Keep in mind the rumor I'm hearing is Burton's Dark Shadows is aiming for the campy parody angle not the dark serious nature of the soap or mini-series from the 90s. This would at least explain the Michael Jackson look which if you take the pictures into Photoshop, desaturate a bit to make it look like it was shot in the 60s/70s and it ain't too bad. These are spy photos folks and the final color palette could be akin to Sleepy Hallow after it goes through post.


----------



## Johnny Thunder

Chloe Moretz plays Carolyn Stoddard. Here's what she has to say:

_"Oh, Carolyn, that's a fun character. That's a really fun character. She is crazy. She is this teenager, like 15-year-old hippie who is into The Carpenters and Alice Cooper. She's super music-y and raw, like free love, you know. She's fun. I can't say much because he has a really dark secret I can't tell you."

Asked if the secret she made mention of is something that fans of the television show would be aware of, Moretz replied:

"No, it's new. It's new to everything so go see it. May of next year, Dark Shadows!"

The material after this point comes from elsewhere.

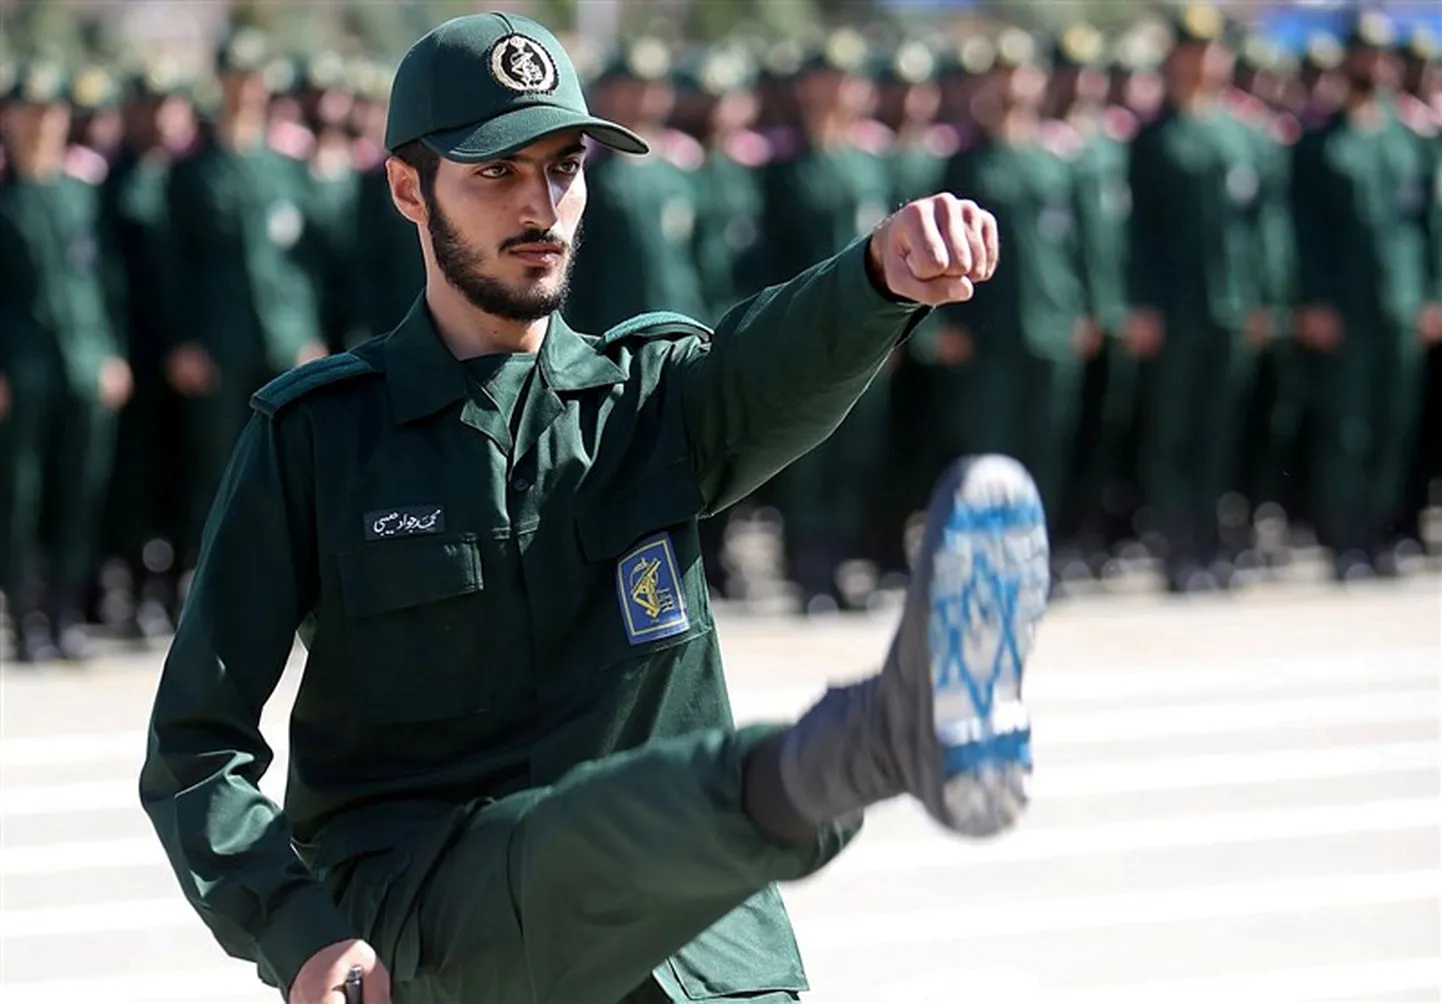 Iraani revolutsioonikaardi ohvitser.

After yesterday's set photos from the film, some may be wondering what kind of vibe Burton is going for. Moretz described it as:

"It's Tim Burton so it's like Beetlejuice. I have to say it's a mixture of Beetlejuice, a teeny bit of Sweeney and the scariness of Sweeney but the fun of Sleepy Hollow with the scariness of Sleepy Hollow. I'd definitely say it's a lot like Sleepy Hollow because you go from the Ichabod Crane character to the Headless Horseman who's comedic and yet terrifying. It straddles that fine line of camp and drama so it's like a drama horromedy thriller."_

http://www.latinoreview.com/news/ch...ass-sequel-hints-at-dark-shadows-secret-14769

Meh........


----------



## Johnny Thunder

Ok - this cast photo ain't half bad! Dig the red hair on Julia.

http://shocktilyoudrop.com/news/topnews.php?id=21128


----------



## RoxyBlue

That hair color definitely came from a bottle

Good picture.


----------